MinMax BNN-Repetition Guildlines:
First download the work of CLTR, then in mcrgan/models/__init__.py, build function get_BNN_models(data_name, device,label=0)


def get_BNN_models(data_name, device,label=0):
# noting to set the setting without bias to get stable radius
    if data_name == "mnist":
        if label == 0:
            netV = DiscriminatorMNIST().to(device)
            netV.apply(weights_init_mnist_model_Var)
            netV = nn.DataParallel(netV)
            netG = DiscriminatorMNIST().to(device)
            netG.apply(weights_init_mnist_model)
            netG = nn.DataParallel(netG)
            netD = DiscriminatorMNIST().to(device)
            netD.apply(weights_init_mnist_model)
            netD = nn.DataParallel(netD)


return netD, netG, netV

Then also here, build get_noise(data_name, device, label=0)
def get_noise(data_name, device, label=0):

    if data_name == "mnist":
        if label == 0:
            netNoise = DiscriminatorMNIST()
            netNoise = nn.DataParallel(netNoise.to(device))
            netNoise.apply(weights_init_mnist_model_noise)
return netnoise

and at the end of  utlis/utlis, put the following code:
# which replace Zbar as f+noise
def extract_features2(data_loader, encoder, decoder):

    X_all = []
    X_bar_all = []
    Z_all = []
    Z_bar_all = []
    labels_all = []
    train_bar = tqdm(data_loader, desc="extracting all features from dataset")
    with torch.no_grad():
        encoder.eval()
        decoder.eval()
        for step, (X, labels) in enumerate(train_bar):
            Z = encoder(X.cuda())
            Z_bar = decoder(X.cuda())

            # X_all.append(X.cpu())
            Z_all.append(Z.view(-1, Z.shape[1]).cpu())
            # X_bar_all.append(X_bar.cpu())
            Z_bar_all.append(Z_bar.view(-1, Z_bar.shape[1]).cpu())

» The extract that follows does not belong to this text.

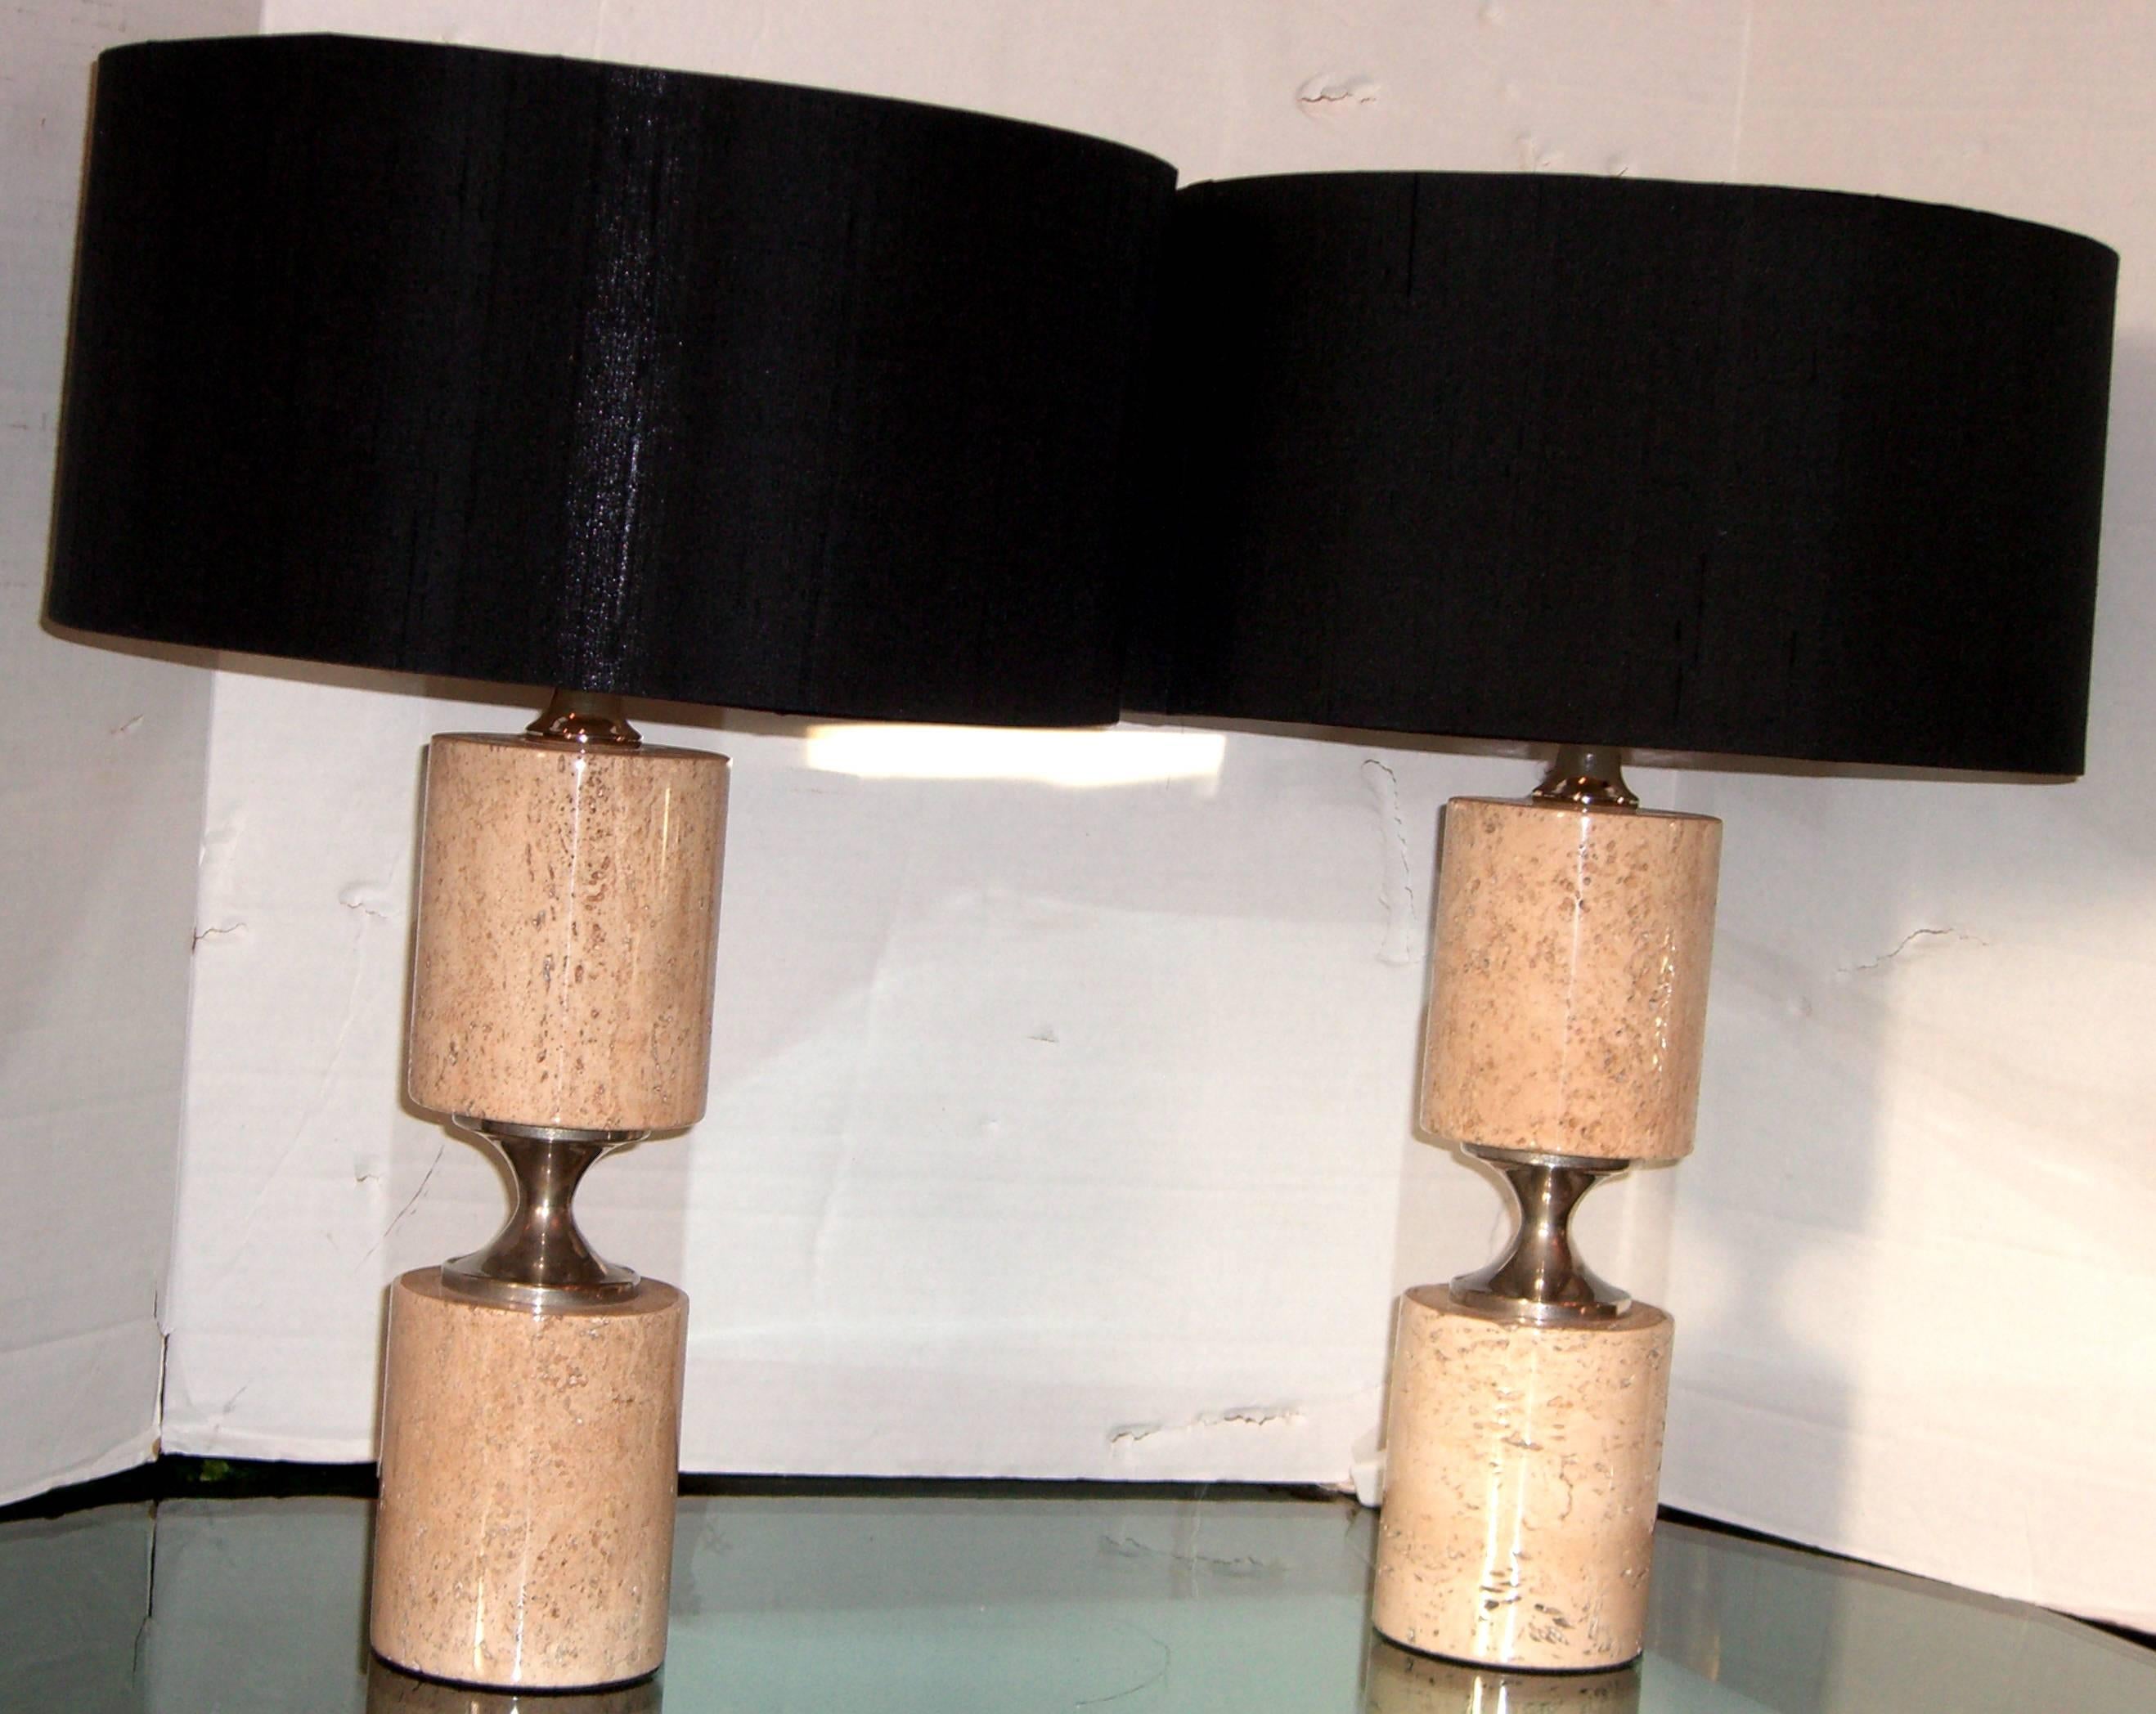 A pair of cylindrical form taupe tone natural stone table lamps. The center is a hourglass shaped nickel. New silk shades in black have been added. All wiring is new for the US.
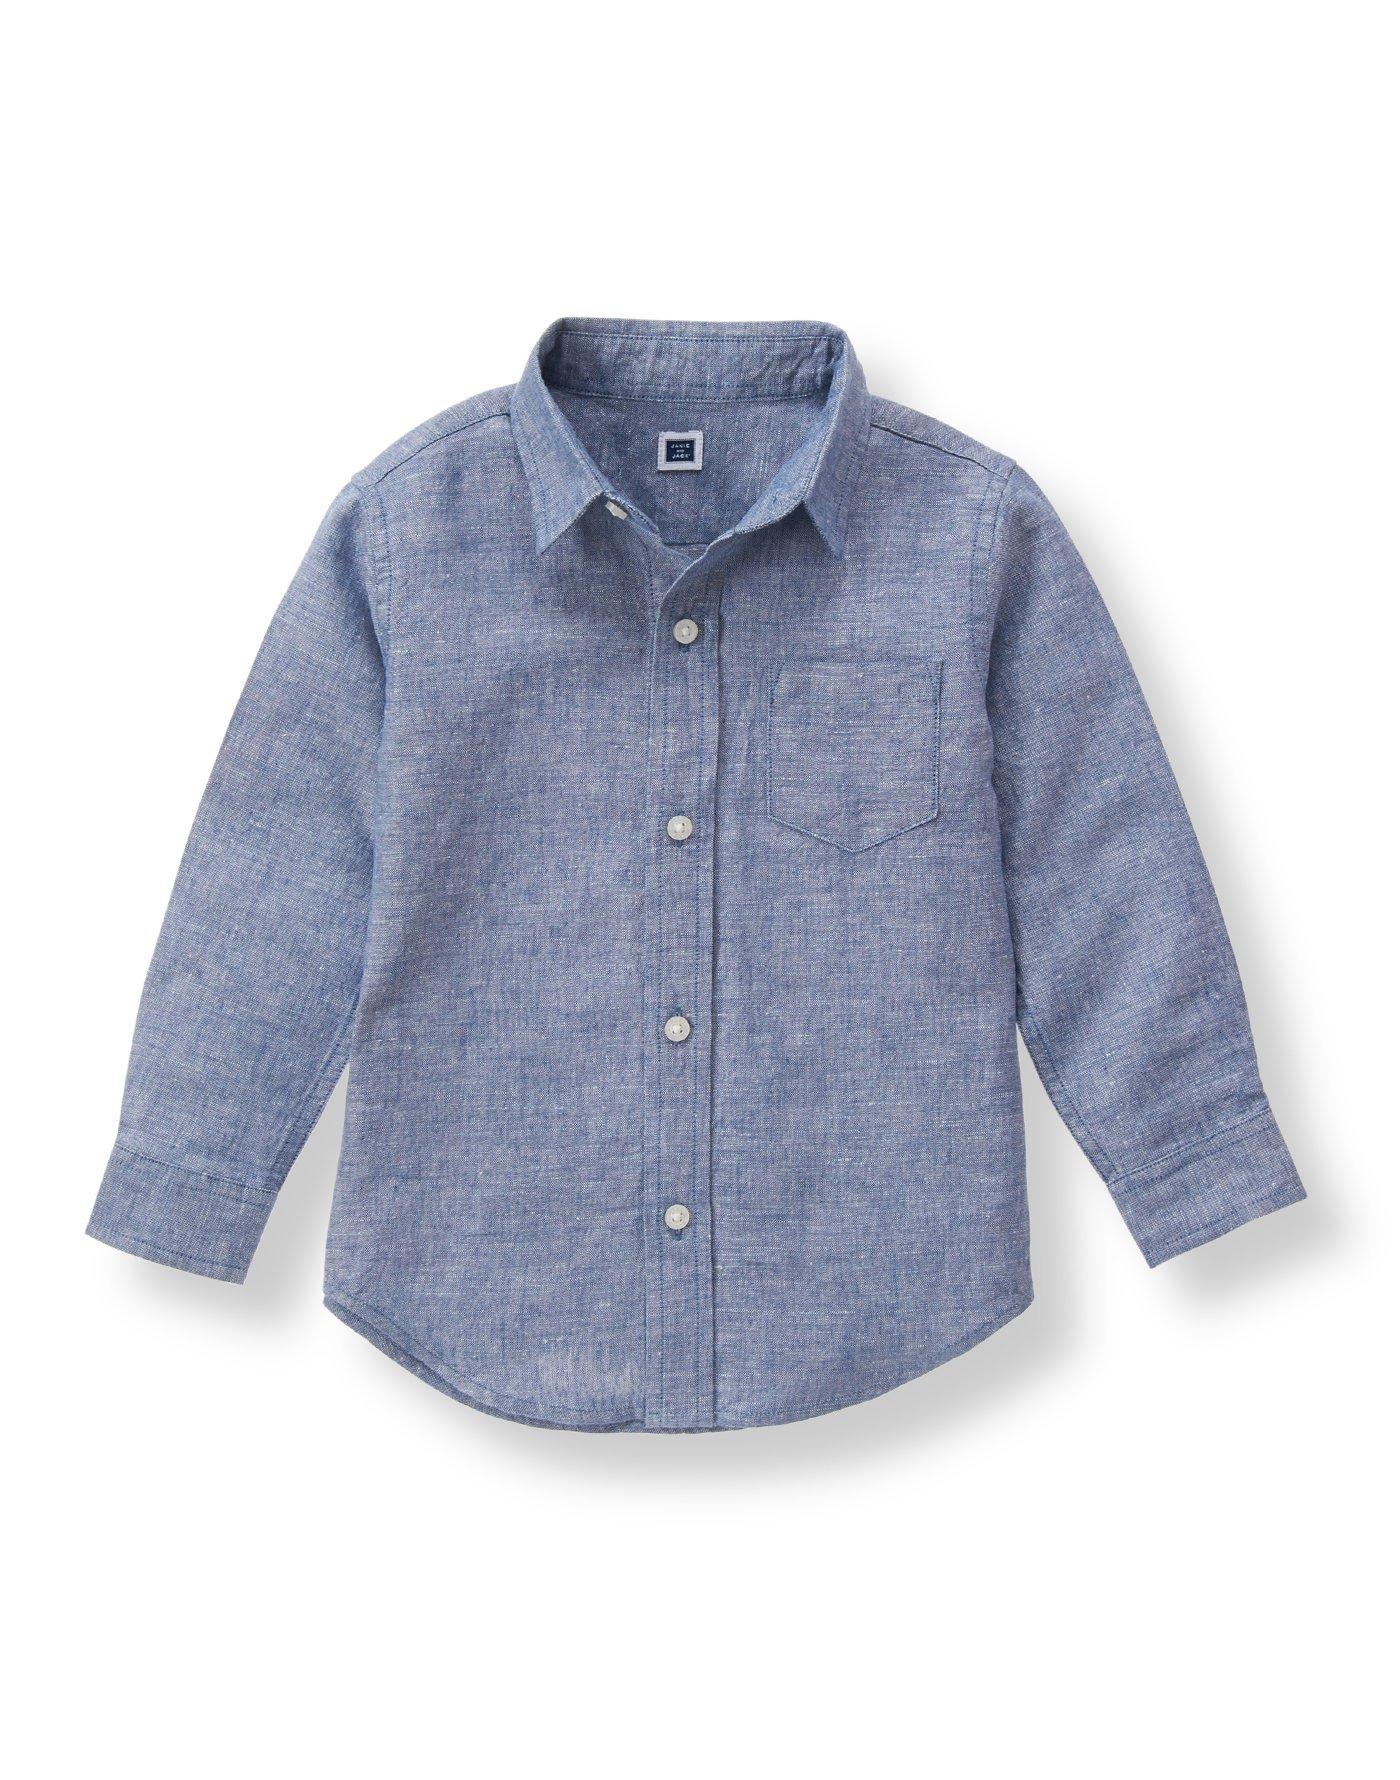 Boy Chambray Blue Linen Blend Shirt by Janie and Jack

            labels_all.append(labels)

    return None, torch.cat(Z_all), None, torch.cat(Z_bar_all), torch.cat(labels_all)

For other functions and trained models, you can find that on the jupyter notebook.
And label 0 is model with 128 dim, label 1 is 64, label 2 is 32, label 3 is 11, 
label 4 is with batch normalization, and label 5 is with bias.